What if we encounter seemingly competitive fakes that actually are not? For example, what if some unidentifiable miscreants put incendiary words in the mouths of both Recep Tayyip Erdogan and Abdullah Ocalan in hopes of stimulating mass violence between Turks and Kurds in eastern Turkey or northern Syria?
Israel is regularly accused by Arabs, governments and media alike, of amazing nefarious feats of which it is not capable. Some years ago Egyptians blamed Israeli skullduggery for an increase in shark attacks around Sharm al-Sheikh. Ayaan Hirsa Ali reminds us than in Somali traditional culture nearly all ill-fated events are ascribed by kneejerk reflex to “al-Yahud.”[3] And this is true beyond Somalia. So the Israeli government should expect to be the target of many kinds of fakery in the future; but, of course, Israeli technical means enables Israeli authorities to respond in and beyond kind. The problem thus falls into a widened spectrum of deterrence requirements for Israel. Additionally, Israel’s formidable technical capabilities in this and other areas may make it a more appealing partner for some of its neighbors who feel themselves at a disadvantage relative to aggressive others.

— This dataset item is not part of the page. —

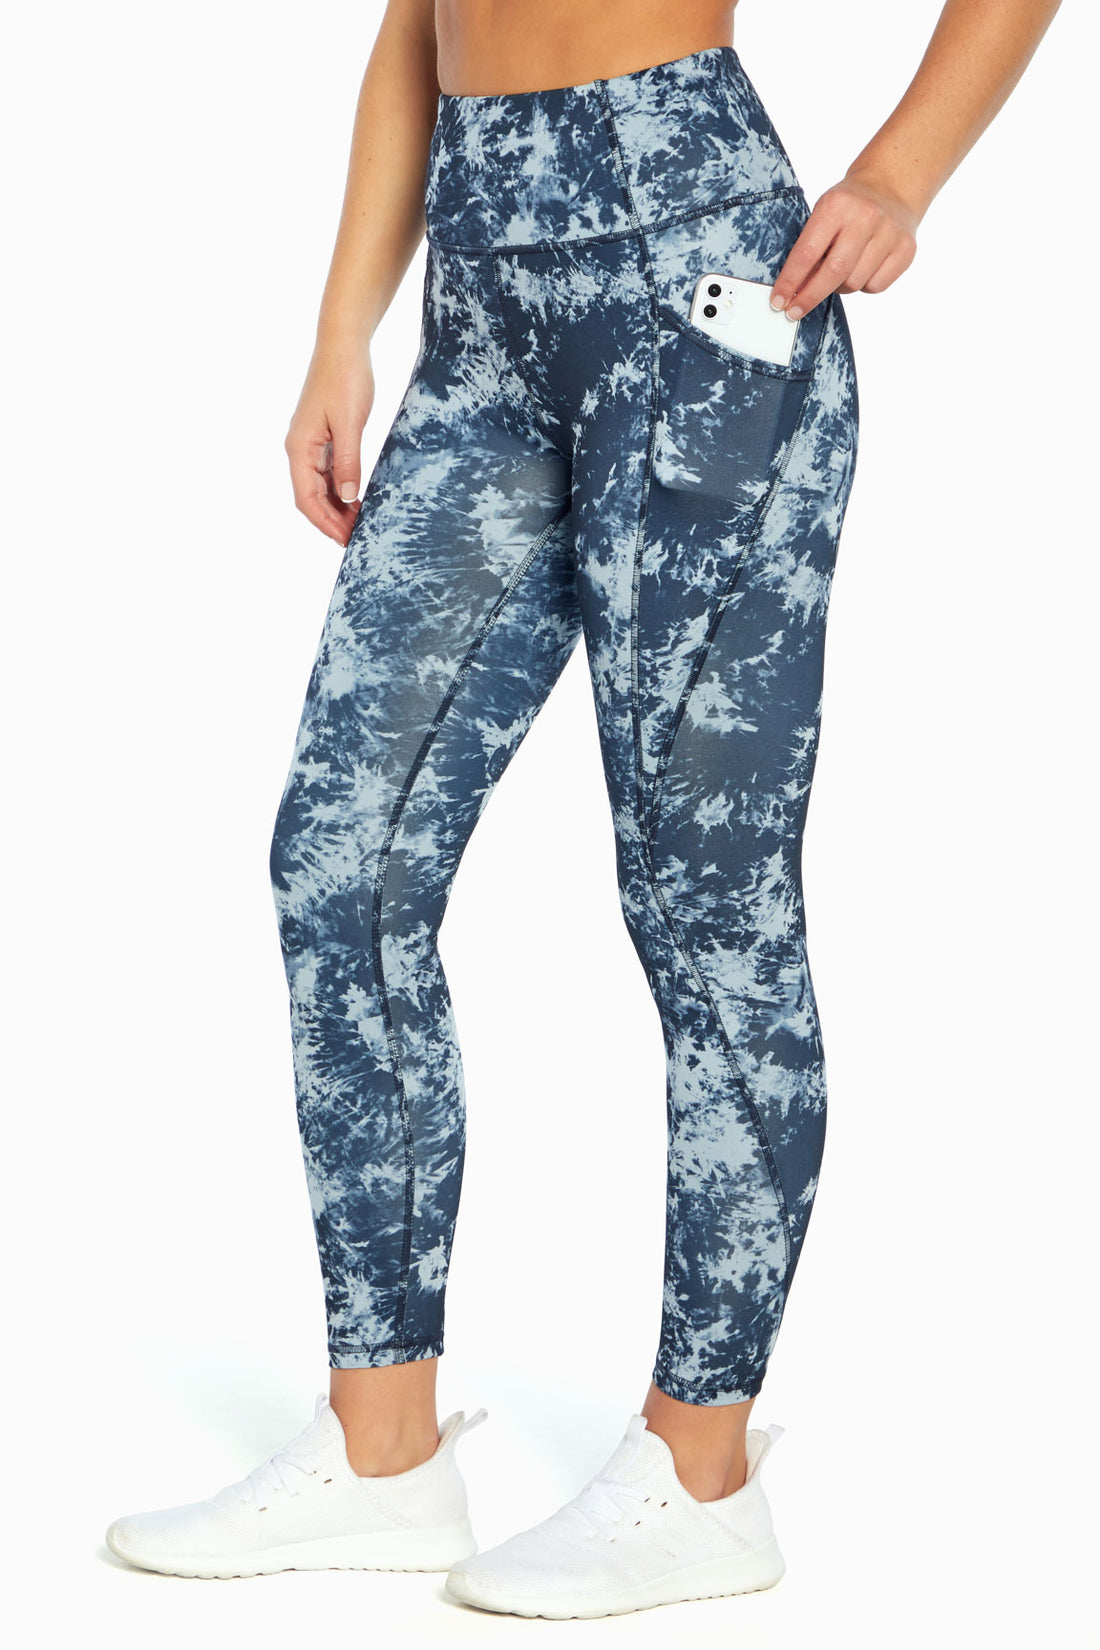 Marika Zebra Print Multi Color Blue Active Pants Size M - 66% off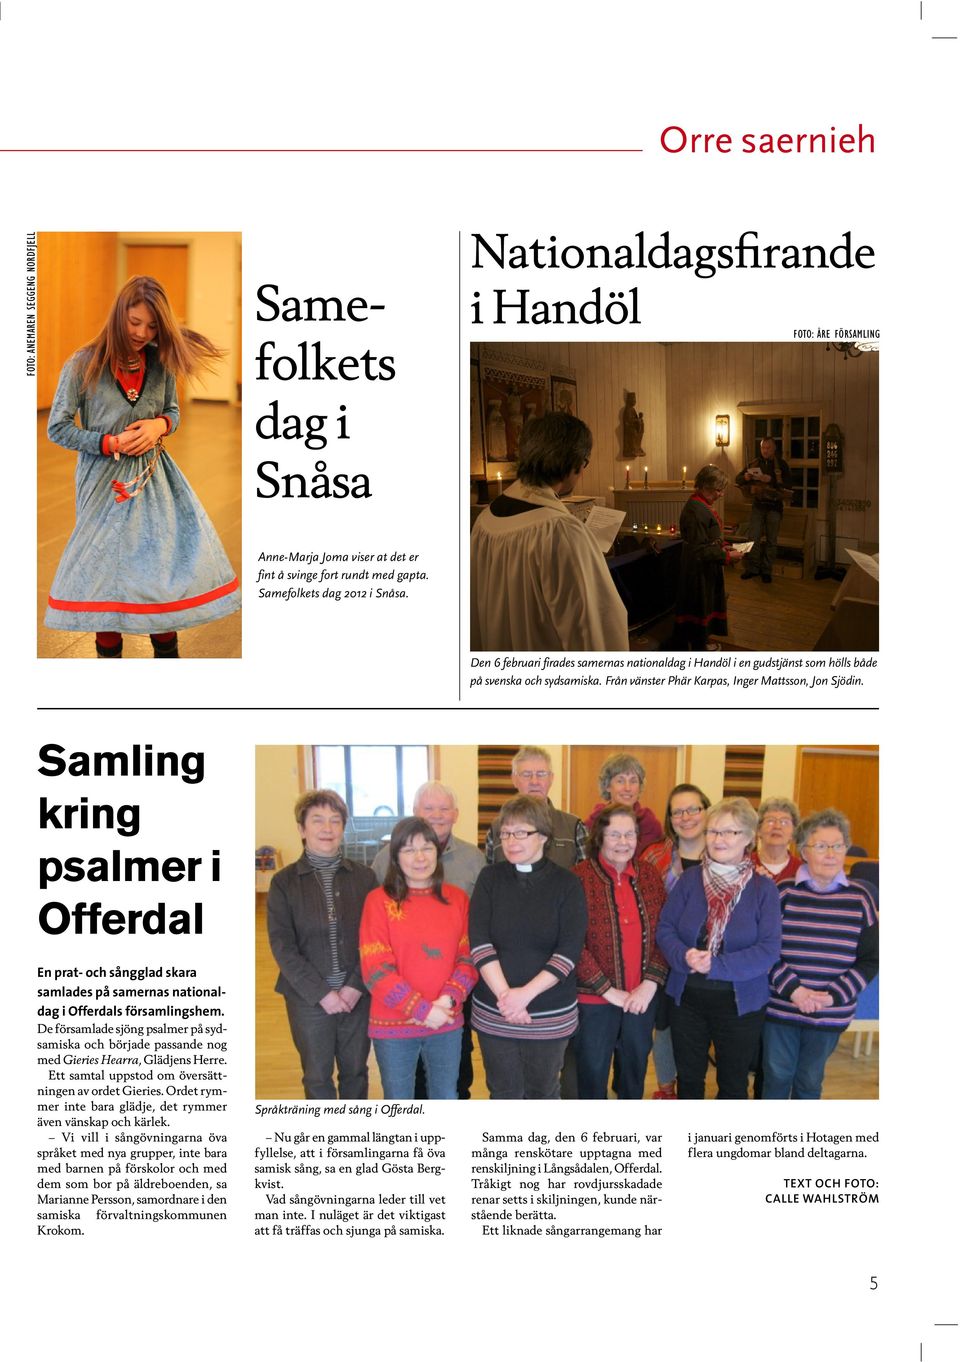 Samling kring psalmer i Offerdal En prat- och sångglad skara samlades på samernas nationaldag i Offerdals församlingshem.

The possible permutations of mischievous fakery are not endless, but they are vast. GANs-generated fakes could come from inside societies aimed at government or from governments aimed at societies. They could come from Russia or China, India or…..well, from anywhere. Attribution could be claimed, hidden, disavowed, imported or exported. They could be regular and systemic or rare or even singular. They could be designed to stimulate instability and violence or achieve those ends accidentally. You see the scope of the problem.
Solutions? They come in three flavors. First is technological. Responsible actors, in government and out, need to develop means of identifying fakes and communicating about them quickly to publics. Second is legal. Responsible governmental actors have to define criminality in the misuse of various technologies and find ways to erect deterrence to malicious acts. And third is political. Malicious use of GANs and other technologies often depends on a variety of grievances believed in need of redress. Some of these grievances may be fanciful, but many are real enough. To the extent that governments are willing and able to address real grievances, within their societies and between neighboring nations, they can cut into the motives that generate deepfakes.
All three modalities of redress are tall orders at present. Offense has the advantage over defense for now, and may hold that advantage for quite some time. There is work to be done for, it is safe to say, the Near East already has enough problems without having to search for more. But it is for deepfakes as Trotsky once said about strategy: “You may not be interested in strategy (read: deepfakes), but strategy (read: deepfakes) is interested in you.”
Dr. Adam Garfinkle, a regular al-Mesbar columnist, is current a Distinguished Visiting Fellow at the S. Rajaratnam School of International Studies at Nanyang Technological University in Singapore. He is also Founding Editor of The American Interest.
[1] For more details, see Emilia Petrarca, “Calvin Klein Apologizes for Bella Hadid and Lil Miquela Campaign,” The Cut, May 20, 2019.
[2] See Kimberly Anne Lim, “Popular Chinese vlogger posing as young women exposed as 58-year old after livestream glitch” Straits Times, August 1, 2019, p. 3.
[3] See Ayaan Hirsi Ali, “Can Ilhan Omar Overcome Her Prejudice?” Wall Street Journal, July 12, 2019.